Vorschlag politisch brisant

Im Vergleich zur Donaumetropole nimmt sich das Ruhrgebiet dagegen wie eine Billigparkzone aus. Anwohnerparkausweise kosten hierzulande nicht mehr als 30 Euro im Jahr. In den Außenbereichen ist das Parken meist kostenlos. Dass höhere Parkgebühren politischen Sprengstoff bergen, ist den VRR-Verantwortlichen bewusst. Gerade im Ruhrgebiet mit seinen um Anziehungskraft ringenden Innenstädten gelten die vergleichsweise niedrigen Preise fürs Parken als Standortfaktor.

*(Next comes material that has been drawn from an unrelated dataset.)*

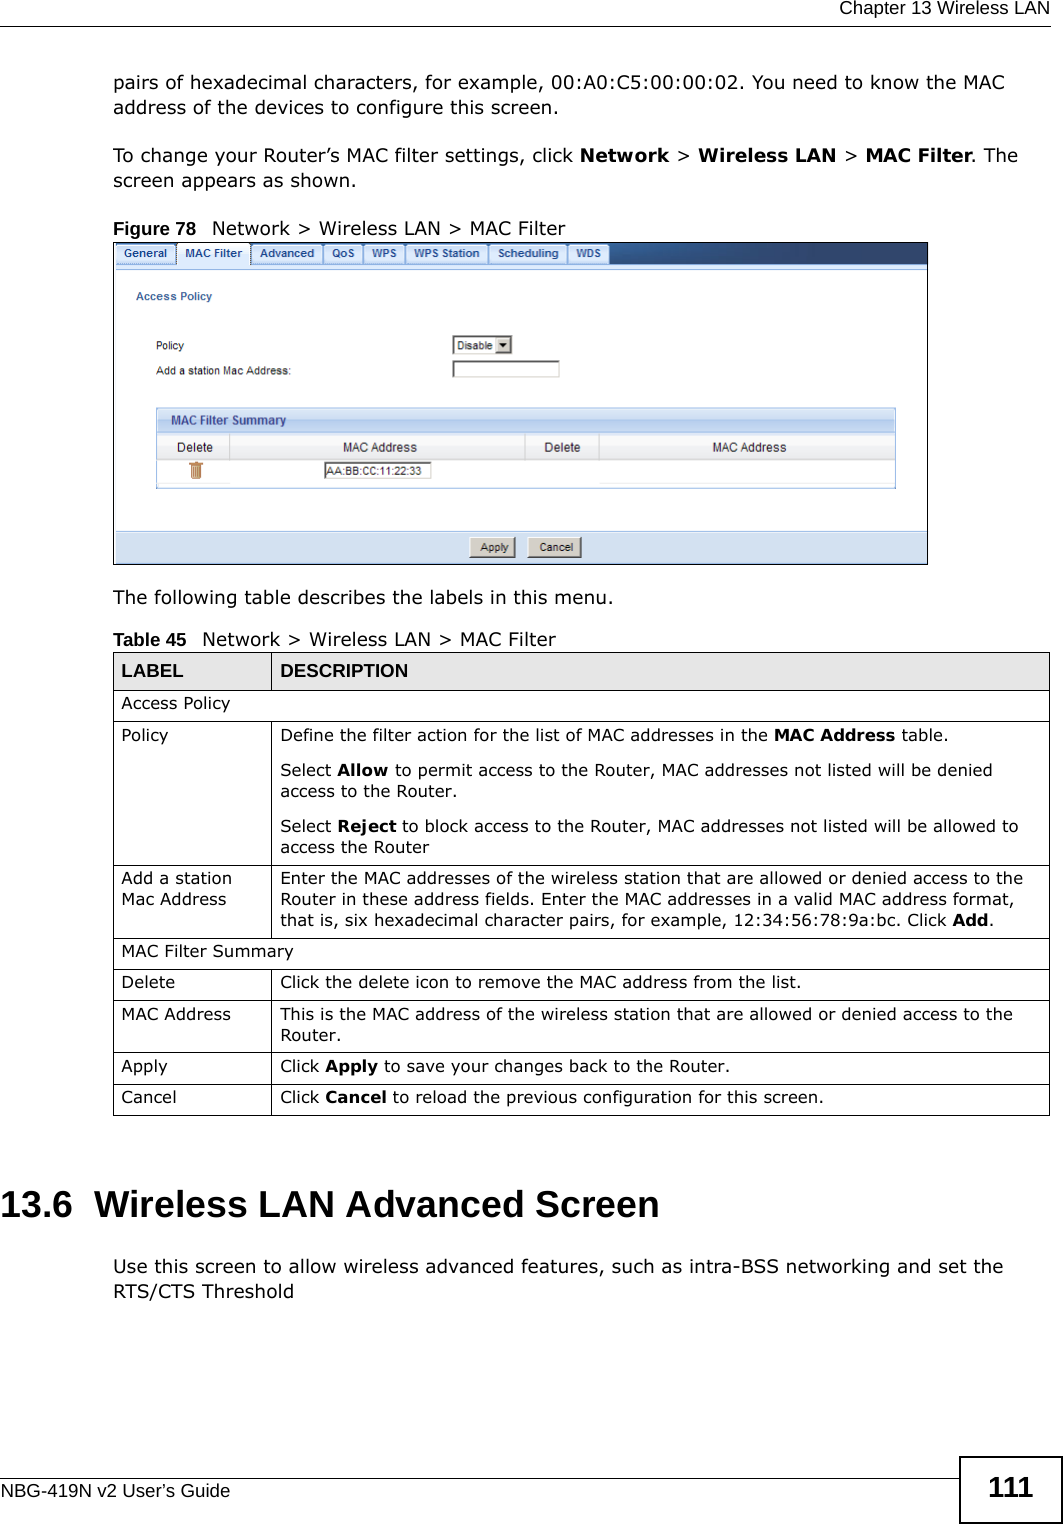  Chapter 13 Wireless LANNBG-419N v2 User’s Guide 111pairs of hexadecimal characters, for example, 00:A0:C5:00:00:02. You need to know the MAC address of the devices to configure this screen.To change your Router’s MAC filter settings, click Network &gt; Wireless LAN &gt; MAC Filter. The screen appears as shown.Figure 78   Network &gt; Wireless LAN &gt; MAC FilterThe following table describes the labels in this menu.13.6  Wireless LAN Advanced ScreenUse this screen to allow wireless advanced features, such as intra-BSS networking and set the  RTS/CTS ThresholdTable 45   Network &gt; Wireless LAN &gt; MAC FilterLABEL DESCRIPTIONAccess PolicyPolicy  Define the filter action for the list of MAC addresses in the MAC Address table. Select Allow to permit access to the Router, MAC addresses not listed will be denied access to the Router. Select Reject to block access to the Router, MAC addresses not listed will be allowed to access the Router Add a station Mac AddressEnter the MAC addresses of the wireless station that are allowed or denied access to the Router in these address fields. Enter the MAC addresses in a valid MAC address format, that is, six hexadecimal character pairs, for example, 12:34:56:78:9a:bc. Click Add.MAC Filter SummaryDelete Click the delete icon to remove the MAC address from the list.MAC Address This is the MAC address of the wireless station that are allowed or denied access to the Router.Apply Click Apply to save your changes back to the Router.Cancel Click Cancel to reload the previous configuration for this screen.

Auf Dauer hilft nur mehr Geld von Bund und Land

Der Verbund geht das Thema daher eher defensiv an. „Ob ein solches Instrument sinnvoll eingesetzt werden kann und sich daraus finanzielle Spielräume ergeben, Mobilitätsangebote zu finanzieren, hängt von den jeweiligen örtlichen Gegebenheiten ab. Insoweit gibt es dafür auch keine pauschalen Lösungsansätze“, sagte VRR-Vorstandsmitglied José Luis Castrillo auf WAZ-Nachfrage. Klar ist: Der Königsweg in der ÖPNV-Finanzierung ist die Parkraumbewirtschaftung nicht. Auf Dauer könne nur deutlich mehr Geld von Bund und Länder das ÖPNV-Angebot retten, so Castrillo.